In January 1940, Karski undertook his first mission as a courier and emissary, travelling to Paris and Angers. During a subsequent mission to France, he was arrested by the Gestapo.

 Subjected to brutal interrogation, he attempted suicide, fearing he might break under torture and betray the resistance. He survived and was taken to a prison hospital, from which he was later rescued by members of the Union of Armed Struggle (ZWZ), a major underground resistance organisation.

In 1942, using the alias Jan Karski – a name he would adopt permanently – he embarked on another mission, this time to Britain and the United States. One of his principal tasks was to alert the Allies to the dire plight of Jews under Nazi occupation. To gather credible information, he twice infiltrated the Warsaw Ghetto and visited a transit camp in Izbica, a waystation for Jews being deported to extermination camps.

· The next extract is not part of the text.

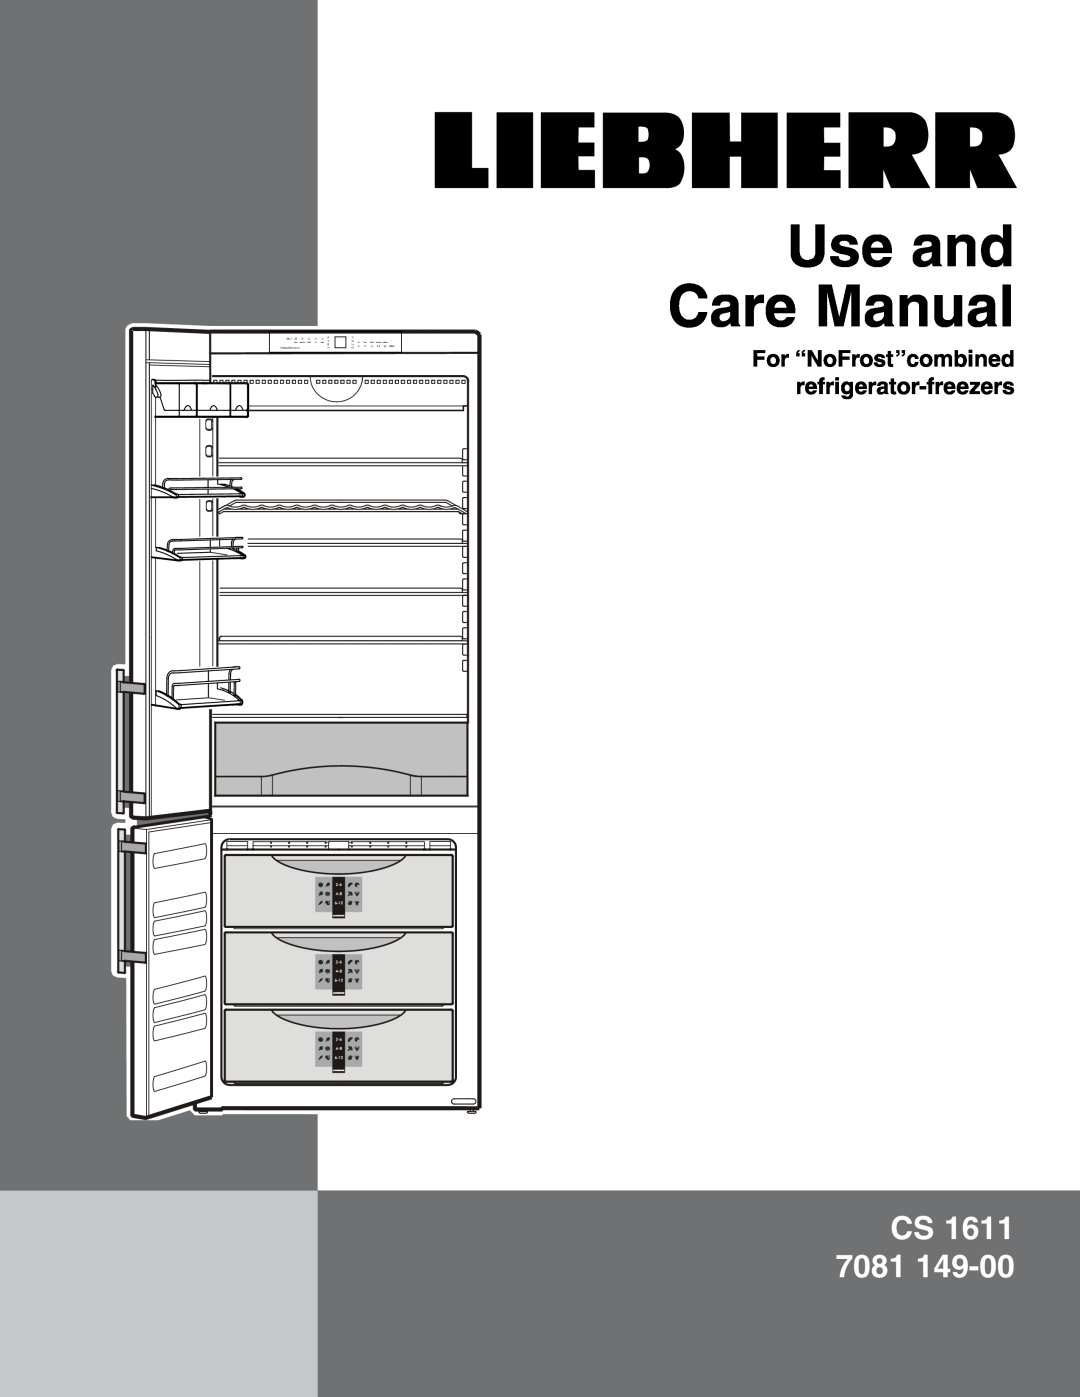 Liebherr CS 1611 7801 149-00 manual Use and Care Manual, CS 1611 7081, For “NoFrost”combined refrigerator-freezers

Karski delivered eyewitness testimony of German atrocities to numerous British and American politicians, journalists, and cultural figures. Among those he met were British Foreign Secretary Anthony Eden, US President Franklin D. Roosevelt, and acclaimed author H. G. Wells. 

His pleas for intervention were largely ineffective, as most of his interlocutors doubted the scale of the atrocities or chose to dismiss his reports.

Despite the importance of Karski’s reports, they failed to shift Allied wartime policy. Western leaders – and even some prominent Jewish figures in the United States – were reluctant to act on his disturbing accounts. The prevailing assumption remained that the only viable path to saving Europe’s Jews lay in defeating Nazi Germany militarily.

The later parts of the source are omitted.